The arrows point to the dependency. The top two sets of numbers 
should _not_ be identical.
Sep 17 2021
next sibling parent ag0aep6g <anonymous example.com> writes:
On 17.09.21 11:44, Chris Katko wrote:
 bool is_colliding_with(drawable_object_t obj) //was a class member
      {
[...]
      alias x2 = obj.x;
      alias y2 = obj.y;
      alias w2 = obj.w;
      alias h2 = obj.h;
[...]
          }
Those aliases don't work like you want them to. You can't have an alias to an object's field. What you get is an alias to the symbol in the class. I.e., you get this: alias x2 = typeof(obj).x; And when you use that in a method, it becomes `this.x`. `obj` is completely forgotten. I my opinion, `alias x2 = obj.x` should be an error, but I'm not sure if it's considered a bug.
Sep 17 2021
prev sibling parent reply bauss <jj_1337 live.dk> writes:
On Friday, 17 September 2021 at 09:44:53 UTC, Chris Katko wrote:
 I'm debugging some code I wrote back in 2017 and a bounding box 
 collision detection kept giving spurious answers till I 
 resorted to assuming nothing and dumped every variable and 
 alias.

 I kept getting results like it was checking against itself, and 
 of course, that would result in finding a collision. So I threw 
 an assert in to check if it was identical objects (as in an 
 error outside this function), and it didn't fire off. It 
 appears (unless my eyes are deceiving me?) that variable 
 aliases themselves are broken.

 $ dmd --version
 DMD64 D Compiler v2.098.0-beta.2

 code:

 ```d
 class drawable_object_t obj;

 bool is_colliding_with(drawable_object_t obj) //was a class 
 member
 	{
 	assert(this != obj);  //does not fire off

 	alias x1 = x;
 	alias y1 = y;
 	alias w1 = w;
 	alias h1 = h;
 		
 	alias x2 = obj.x;
 	alias y2 = obj.y;
 	alias w2 = obj.w;
 	alias h2 = obj.h;
 		
 	writeln("x1: ", x1, " y1: ", y1, " w1: ", w1, " h1: ", h1);
 	writeln("x2: ", x2, " y2: ", y2, " w2: ", w2, " h2: ", h2);

 	writeln("x1: ", x, " y1: ", y, " w1: ", w, " h1: ", h);
 	writeln("x2: ", obj.x, " y2: ", obj.y, " w2: ", obj.w, " h2: 
 ", obj.h);
         }
 /*
 output:

 x1: 50 y1: 81 w1: 5 h1: 6
 x2: 50 y2: 81 w2: 5 h2: 6		<------------
 x1: 50 y1: 81 w1: 5 h1: 6
 x2: 200 y2: 86.54 w2: 26 h2: 16		<------------
 */
 ```

 The arrows point to the dependency.

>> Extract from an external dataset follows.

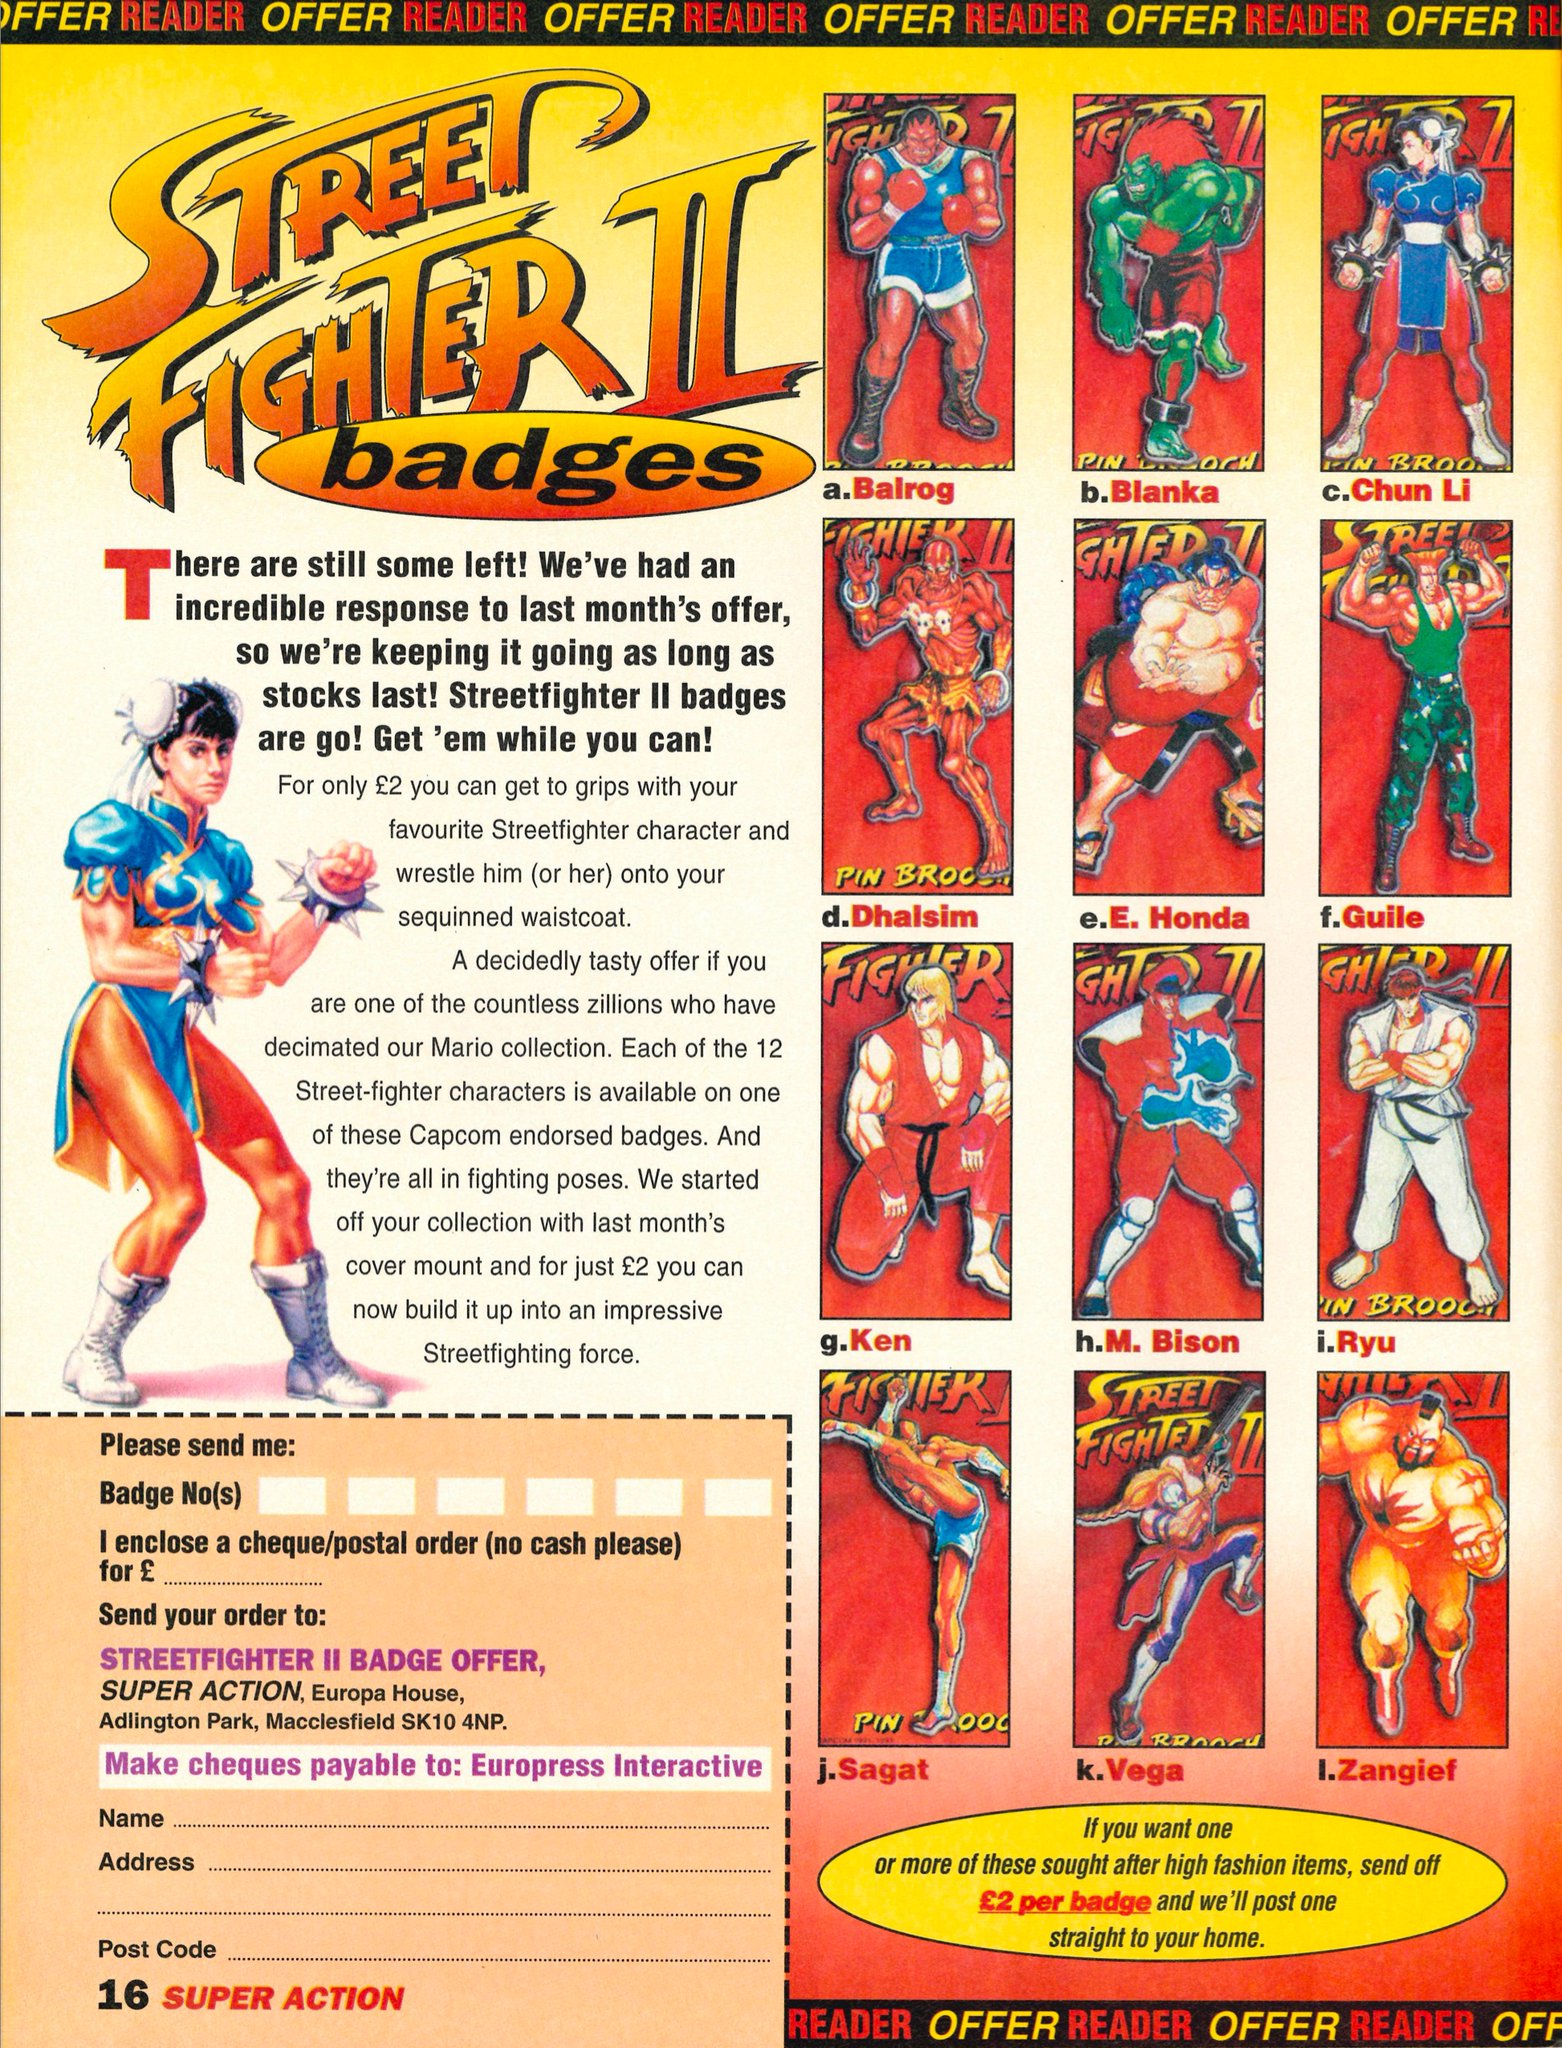 Here Comes A New Challenger on X: Super Action magazine in August '93  provide a mini guide to Street Fighter 2 on the SNES. They detail how to  defeat M. Bison with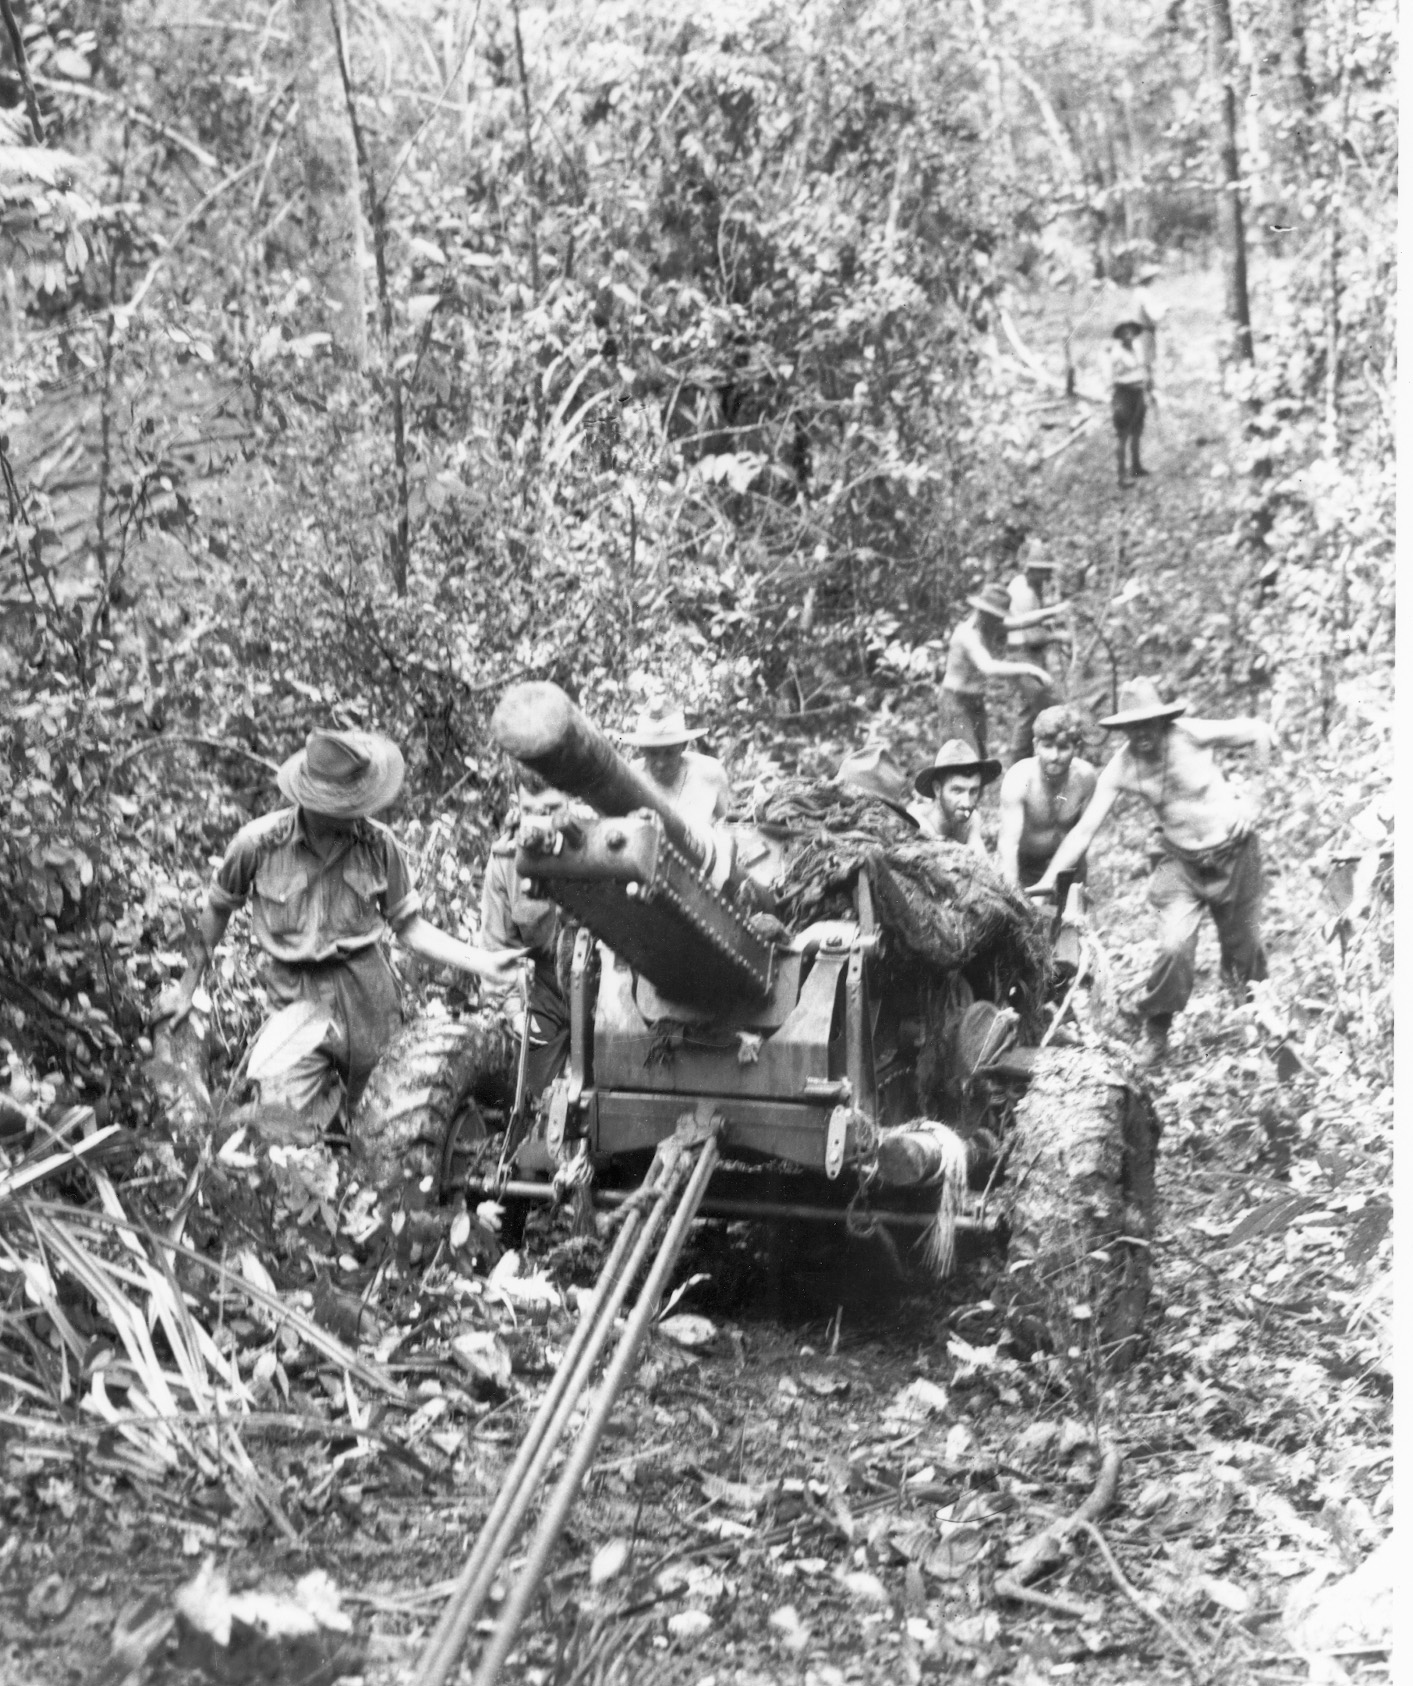 Australians haul a 25-pounder gun up a portion of the track.

The top two sets of numbers 
 should _not_ be identical.
It's not a bug because "obj.x" referes to the same symbol that is "this.x" Alias will create an alias for a symbol, not an expression or the like. So obj.x is the same as this.x and in that case the alias will refer to the same thing. The problem here is that the function is local to the class, so the alias will always refer to the class members directly and not the passed instance. You really shouldn't use alias like this anyway and should just use auto, if it's because you want to save typing. It shouldn't have any impact at all tbh.
Sep 17 2021
parent Chris Katko <ckatko gmail.com> writes:
On Friday, 17 September 2021 at 10:29:12 UTC, bauss wrote:
 On Friday, 17 September 2021 at 09:44:53 UTC, Chris Katko wrote:
 [...]
It's not a bug because "obj.x" referes to the same symbol that is "this.x" Alias will create an alias for a symbol, not an expression or the like. So obj.x is the same as this.x and in that case the alias will refer to the same thing. The problem here is that the function is local to the class, so the alias will always refer to the class members directly and not the passed instance. You really shouldn't use alias like this anyway and should just use auto, if it's because you want to save typing. It shouldn't have any impact at all tbh.
Thanks everyone! Okay, so yeah, back in 2017 I definitely was still learning D. And, after a year or two, I was re-learning it... using this bad learner codebase! There's been plenty of other things I had to fix that are "no-nos" in my modern codebases.